### Task to carry out
The entries that follow should be repeated exactly, with no pictures kept.

### Input data
════

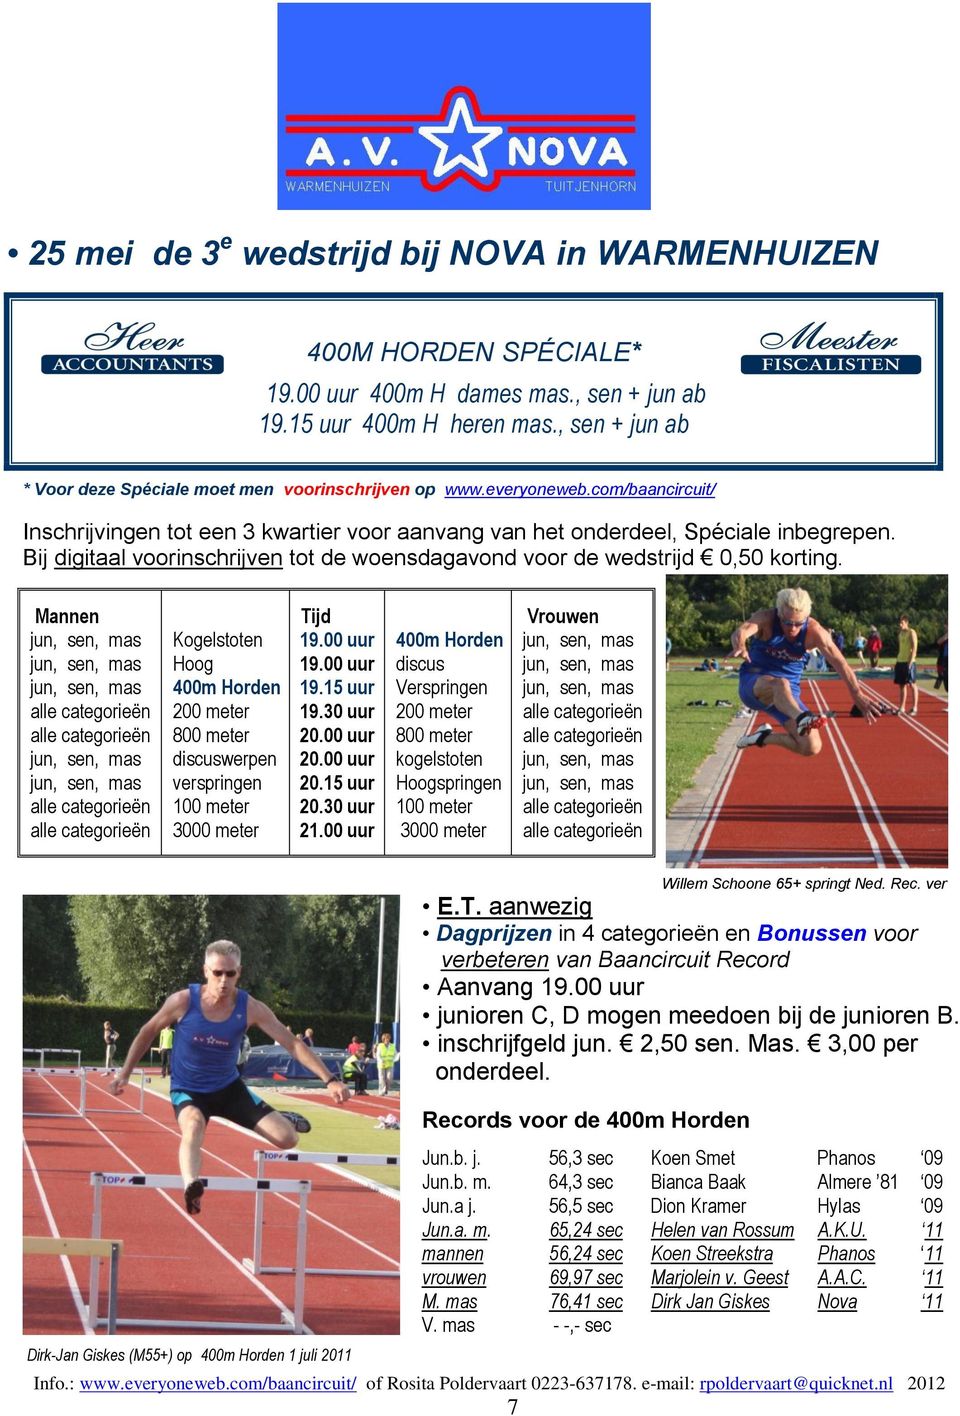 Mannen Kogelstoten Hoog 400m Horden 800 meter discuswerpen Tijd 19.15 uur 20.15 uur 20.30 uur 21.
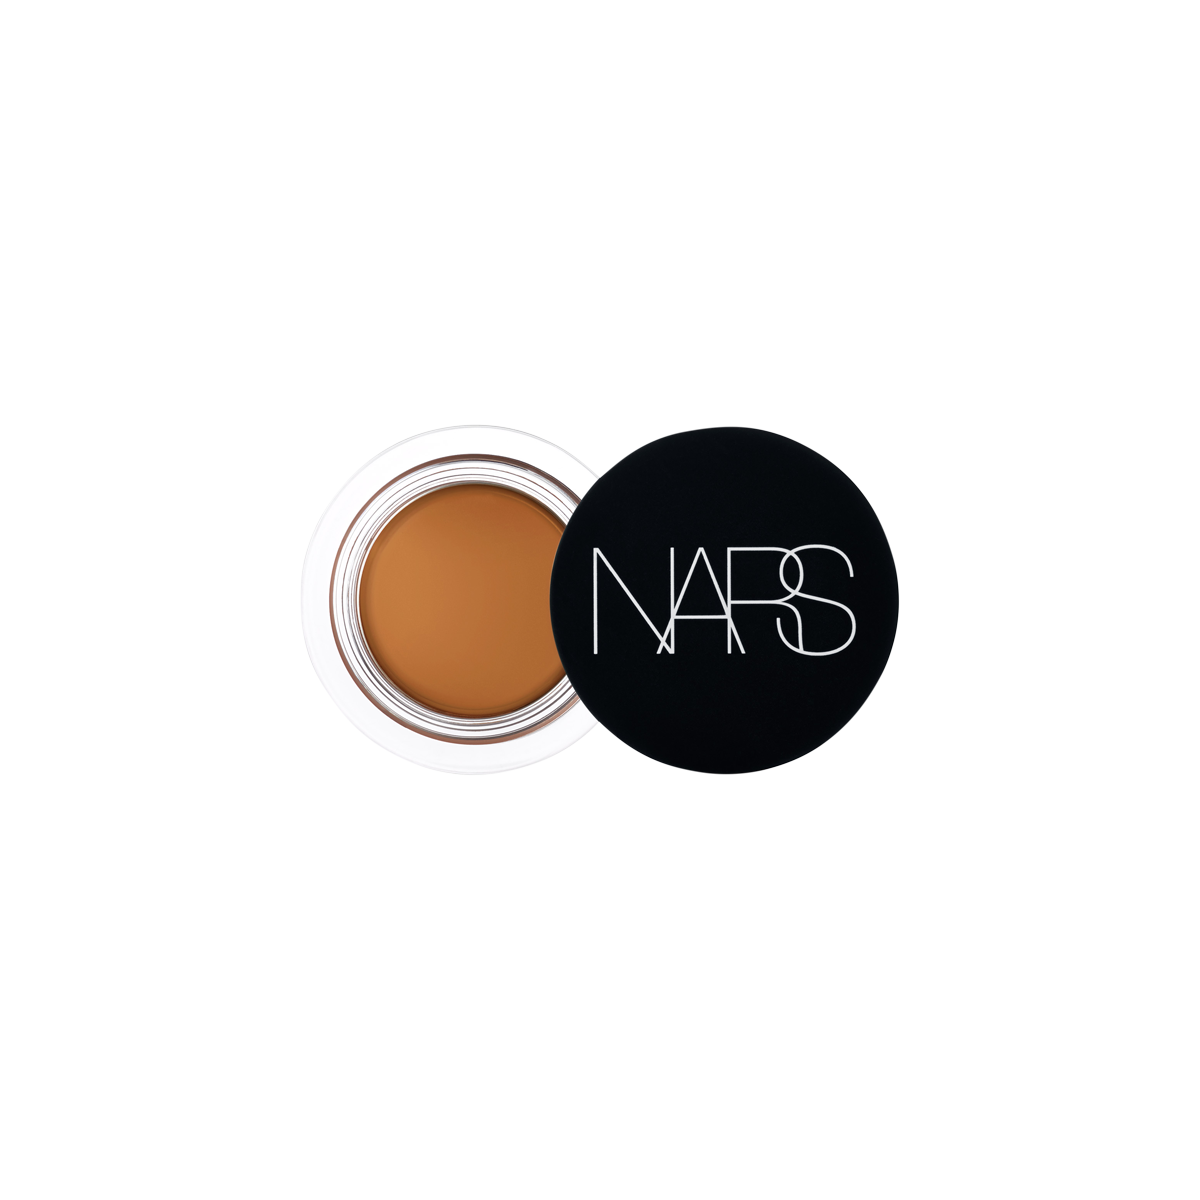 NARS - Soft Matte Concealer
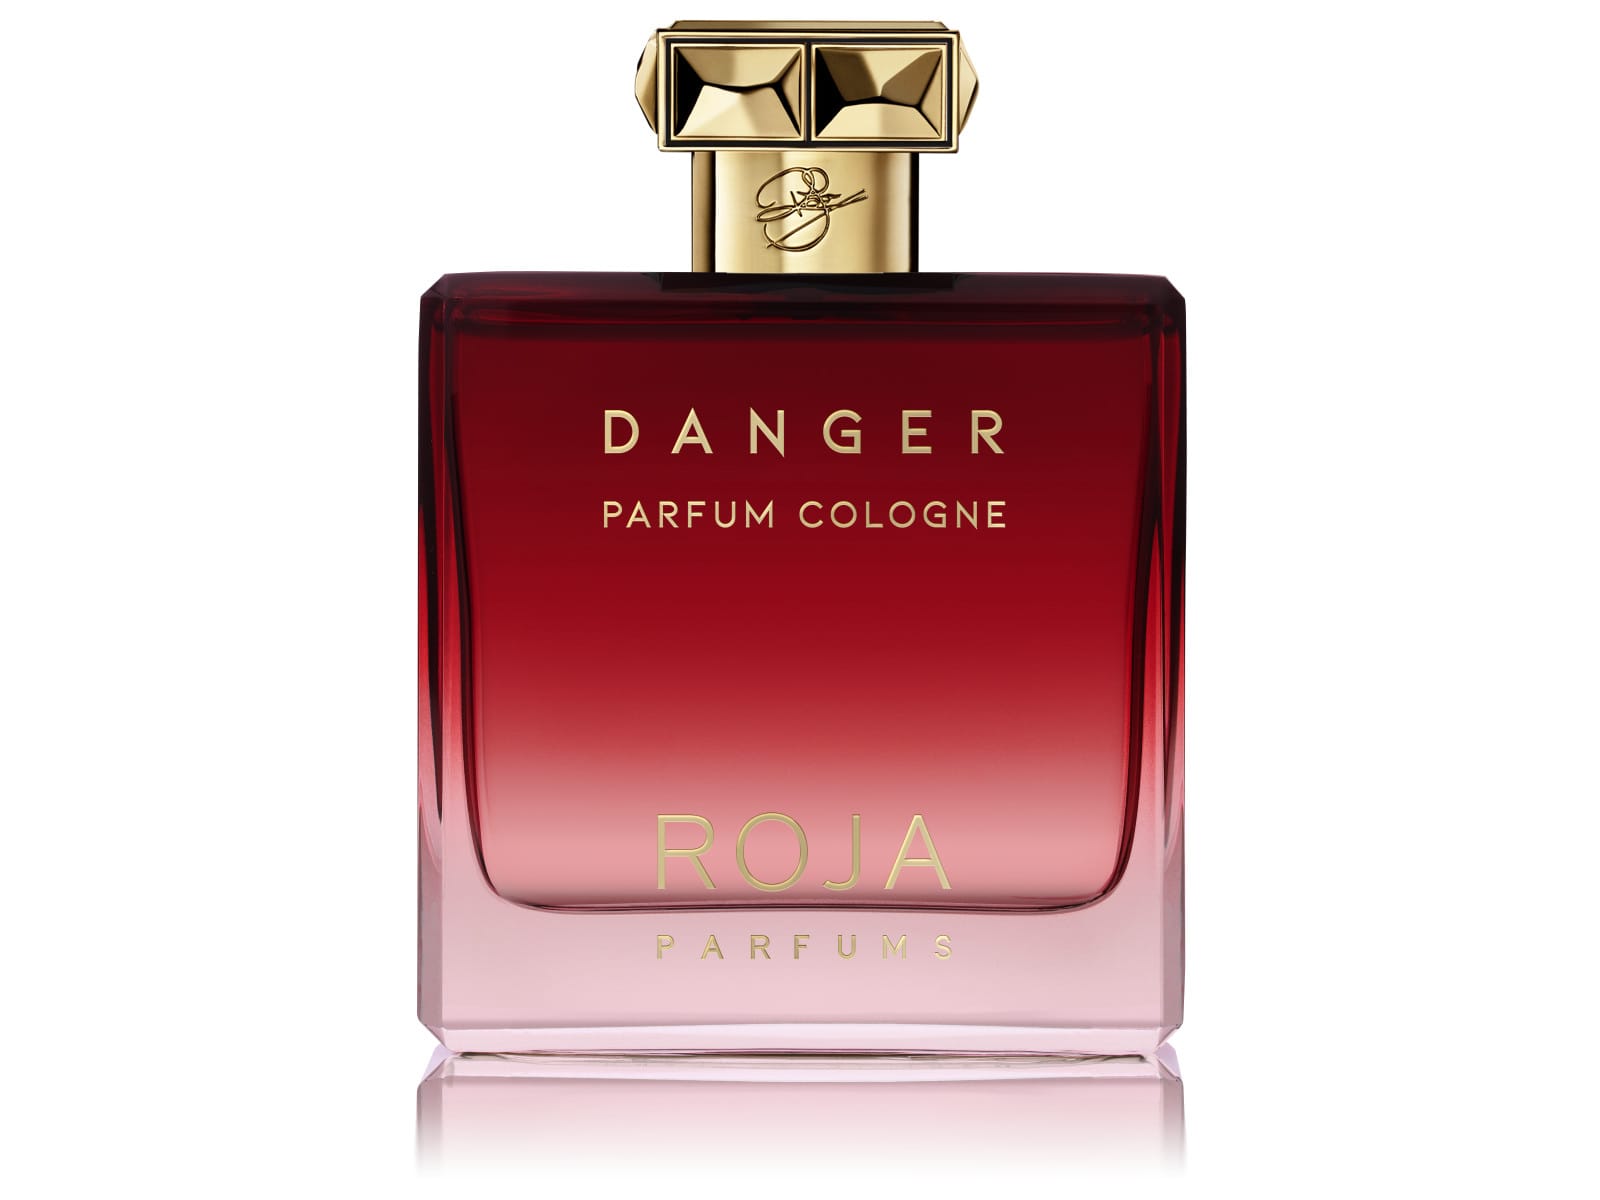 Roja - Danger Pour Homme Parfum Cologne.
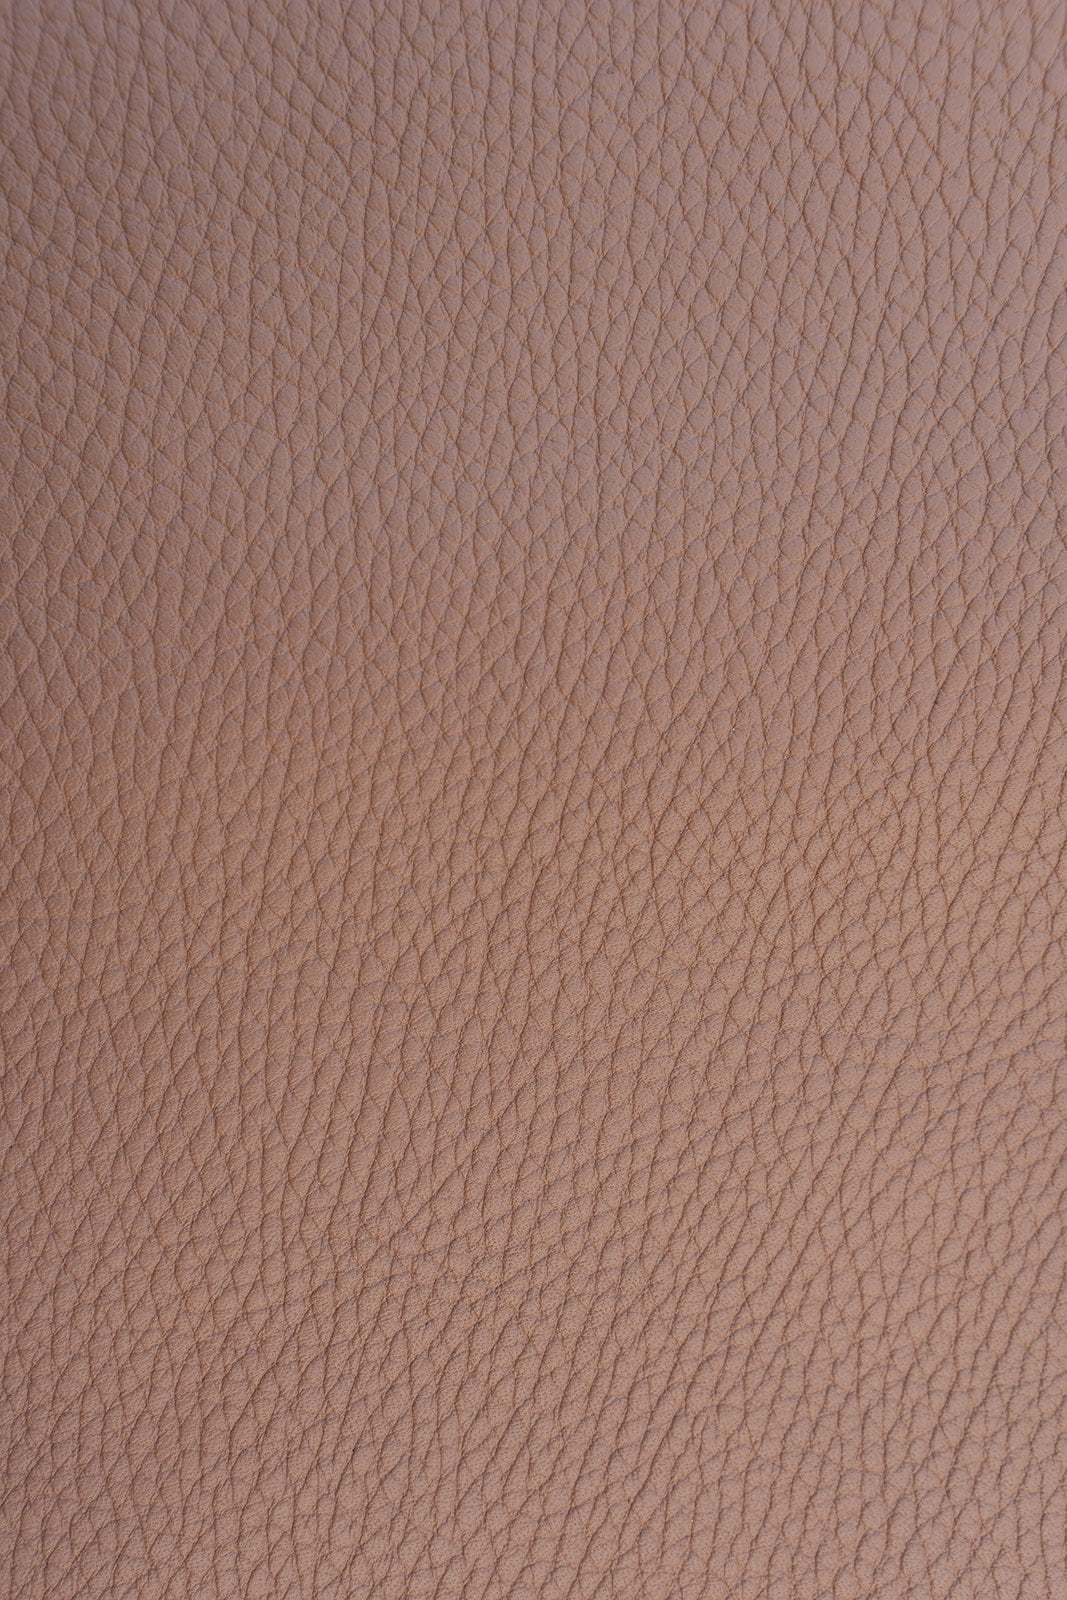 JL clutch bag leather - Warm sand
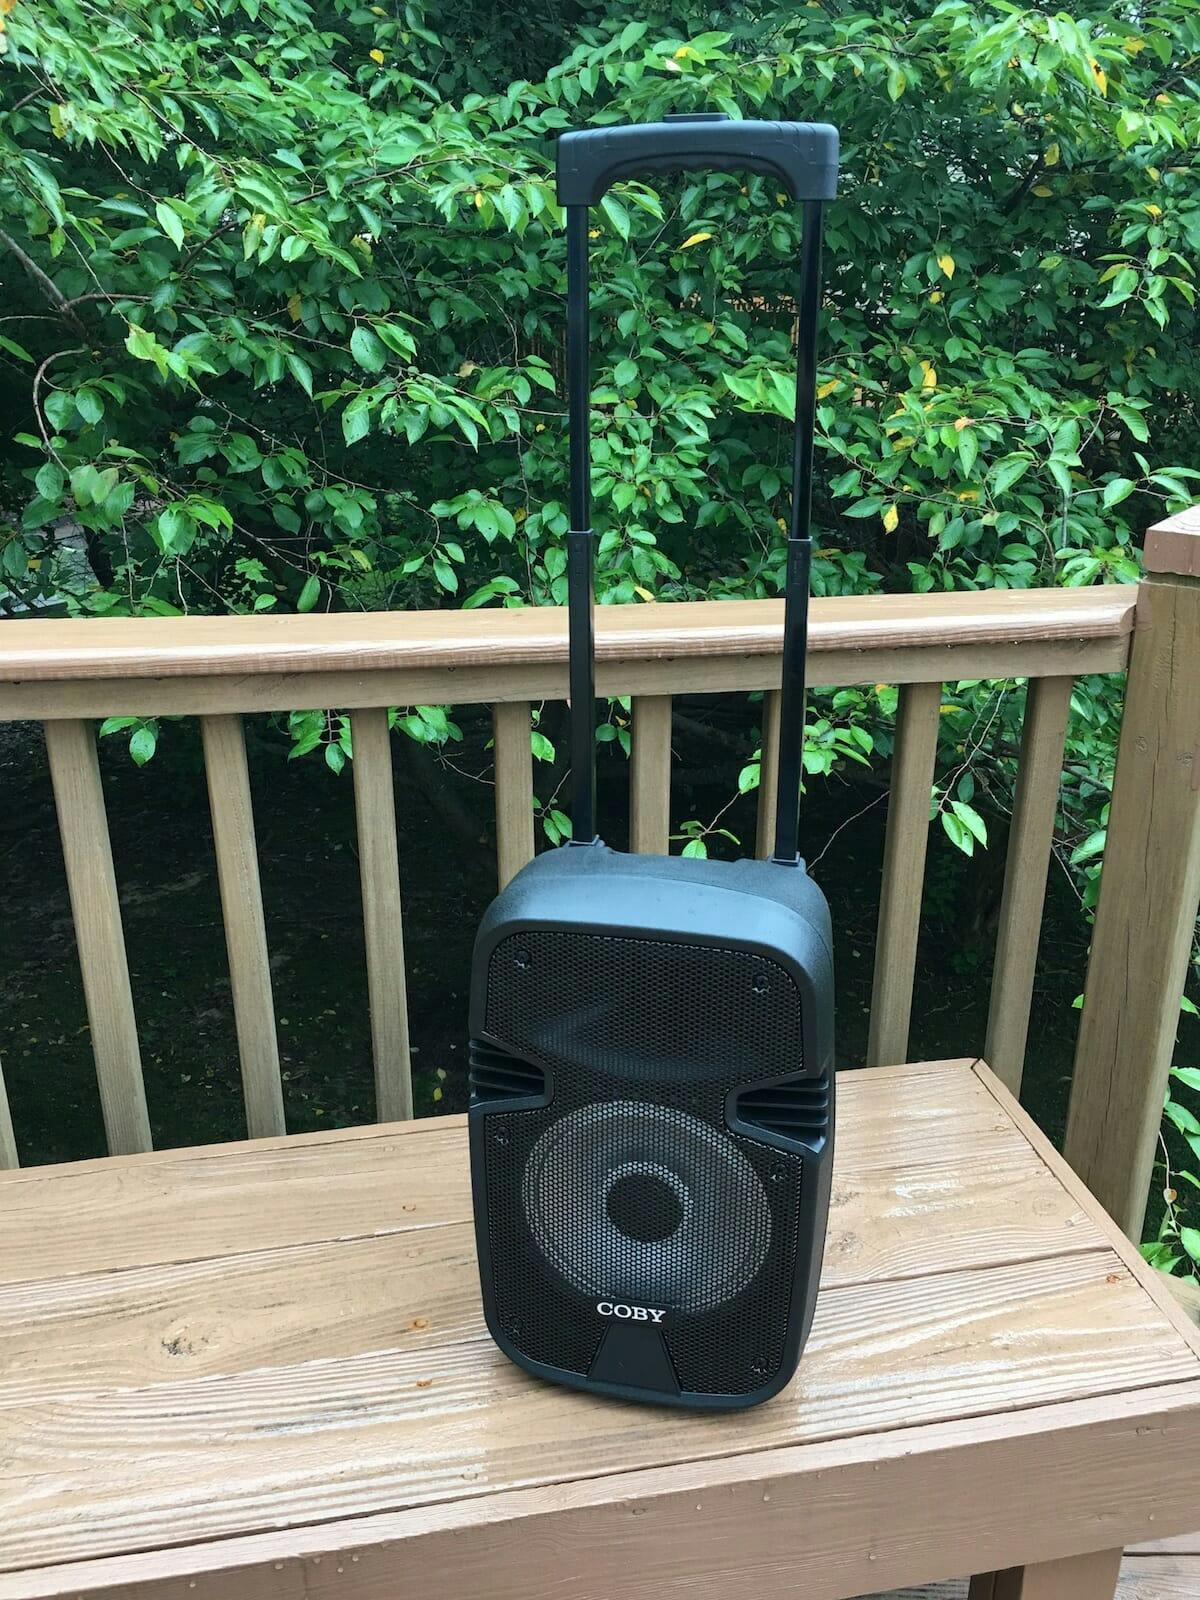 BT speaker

════

### Result for this exercise
 Mannen Kogelstoten Hoog 400m Horden 800 meter discuswerpen Tijd 19.15 uur 20.15 uur 20.30 uur 21.
 NARS - Soft Matte Concealer
 Roja - Danger Pour Homme Parfum Cologne.
 JL clutch bag leather - Warm sand
 BT speaker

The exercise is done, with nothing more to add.